Ines [Singing] I decided long ago, never to walk in anyone's shadow...

BE: What's it like working on a film that you're not only directing, writing, but you're producing it, it must be an awful workload?
MA: I try with producing I have two very great colleagues that do a lot of work, like the producing work, especially when I'm the director, because if I leave that position, it's empty, you know. There are two or three producers, or like two, at least and so I tried to I mean, it helps me a lot because in general we work very open and try to decide together where we spent the money on. It's very creative, where you spend your money with filmmaking, because it has immediately an effect or very direct effect on the film, you know, like on how it will be in the end. And so it's something you always it's very good to be involved there.

BE: It was interesting because I always think of producing as a negative thing. It's just usually responsibility to go out and beg people for money, but it sounds like it's much more interesting than that. 

MA: Yeah, the getting money is one thing but when you have the money, then it gets interesting for where you spend it. You know, you can put it in shooting days and reduce the technique side. But if, if you just find you, you have to have a vision, which is the most important thing or how you can make the best film out of it. 

BE: Last question, does Toni ever come back to visit you?
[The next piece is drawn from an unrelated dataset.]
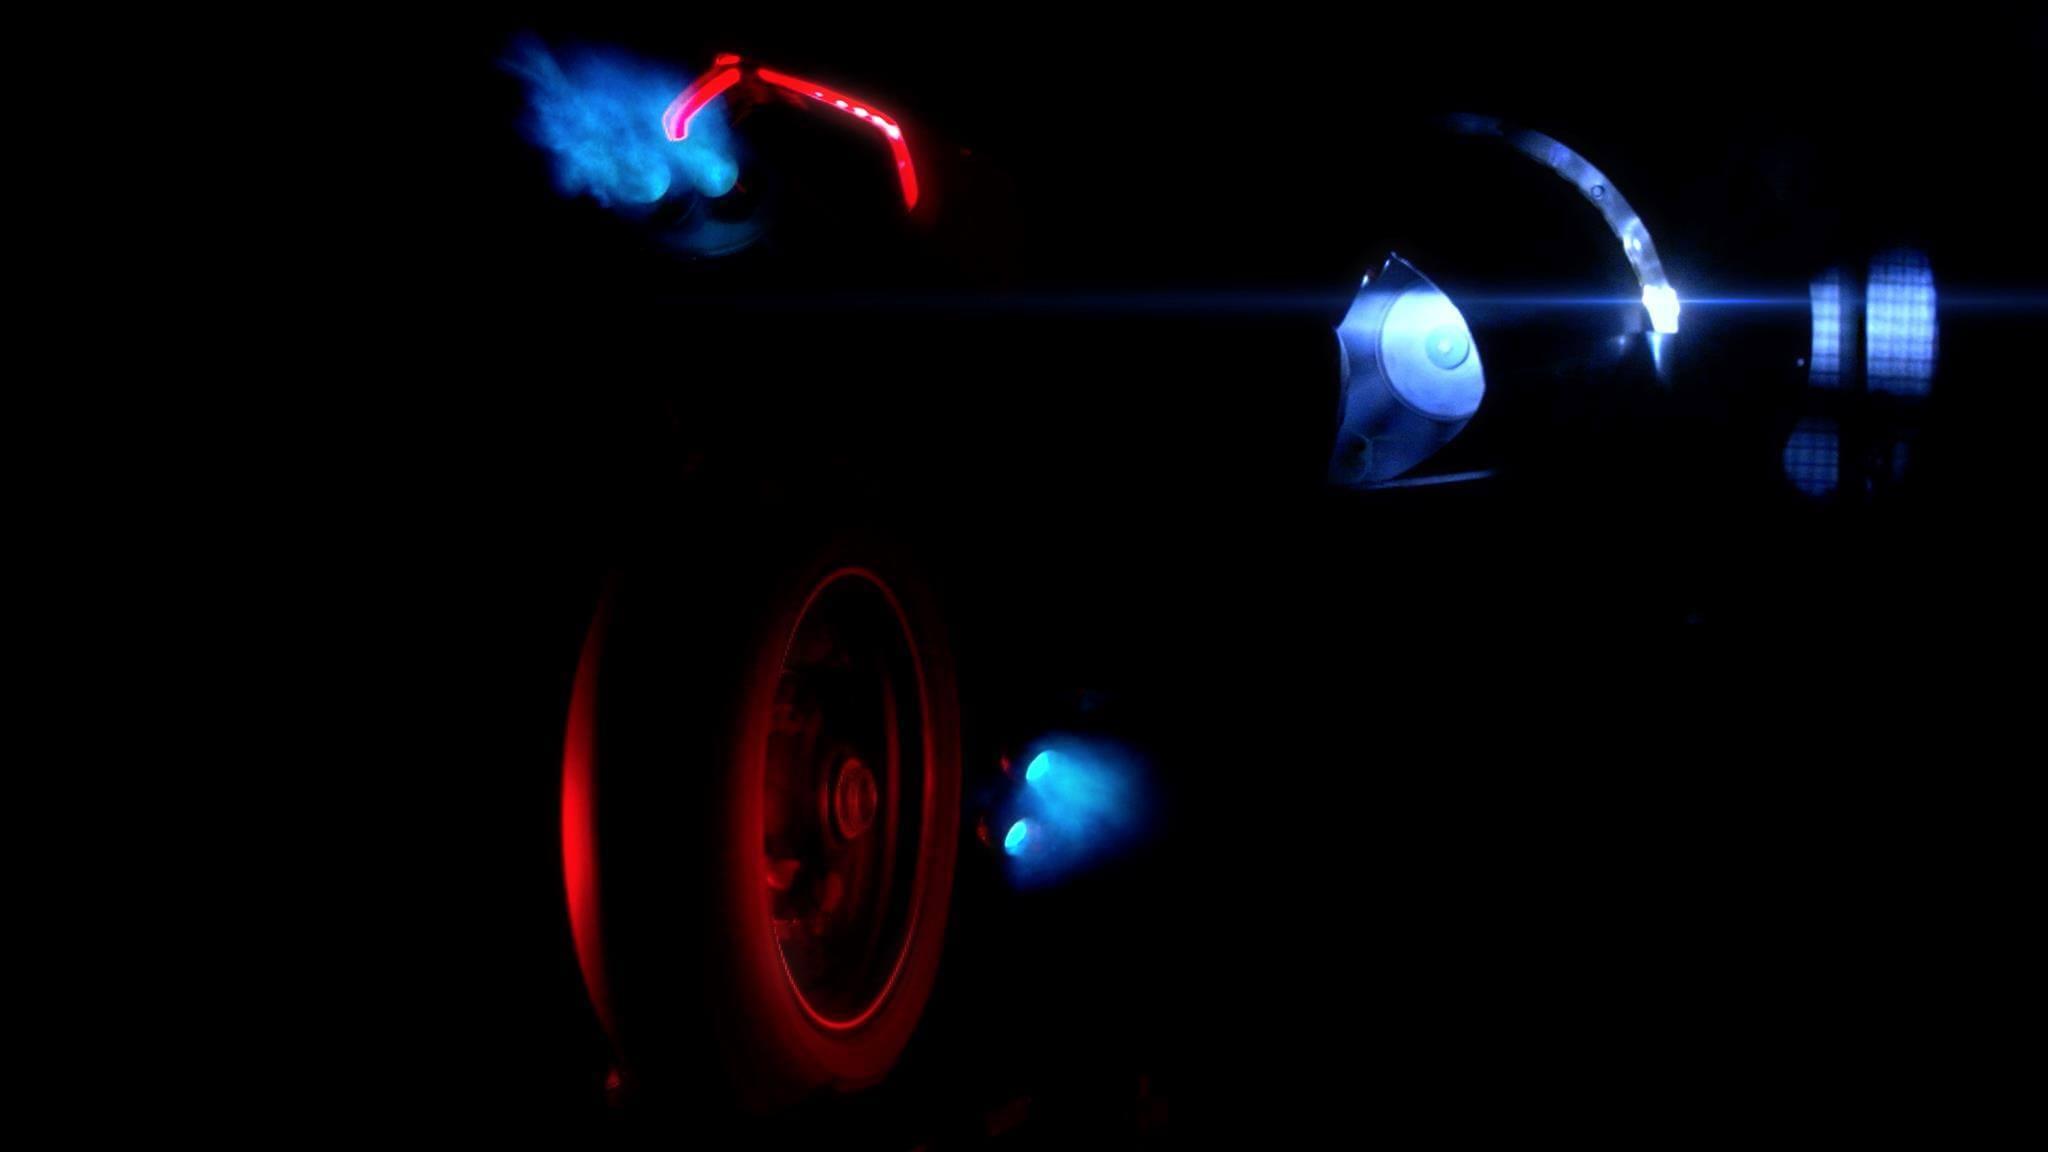 ★Termignoni(テルミニョーニ) パニガーレV4専用のエキゾースト「4uscite」を発表

MA: [Laughs] To visit me? In my dreams... No. No. I don't know at the moment I finished the film like in May, just very shortly before the premiere and so I was very happy that I that Toni Erdmann is gone now and has is doing has his own private life now with other people. No, I think he's, he's not coming back.

BE: Maybe I'll say don't listen to this moment until you've watched the film but the costume that Toni wears that at the end, at the end of the film with lots of hair, is absolutely incredible. I presume that's real?

MA: Yeah, it's exists like that I just there were just some heavy bells on it that I took away because they were too heavy and very loud, but it's exactly like that. And it's really there to scare evil spirits away. It's from Bulgaria and they have it in different colours. It's also exists in white, in white and brown. And it's made out of a certain type of goat a long hair goat. Yeah, it's really a lot of dead goats. It also smells a lot.

BE: But it goes back to the the comedy teeth and the wig. It's the ultimate physical prop that you could have could have asked for in the film. 

MA: I was very happy with that thing. I mean, it's for me I searched for something that is like close to Winifred's inside or that is the costume that is yeah to his insides. So and to his soul, or I don't know. So and this sad and also fatherly, funny thing. I was very, it was big luck that we that this really existed.

Toni: I'm Toni. Toni Erdmann. I'm consultant and coach.

BE: Thanks to Marlon for speaking to me. Baffling and beautiful in sentiment and execution. This film only gets better with age. I'm Ben Eshmade. Thanks for listening to this archive edition of Nothing Concrete, the Barbican podcast presented here to inspire more people to discover and love the arts with weekly episodes of archive finds and theme series.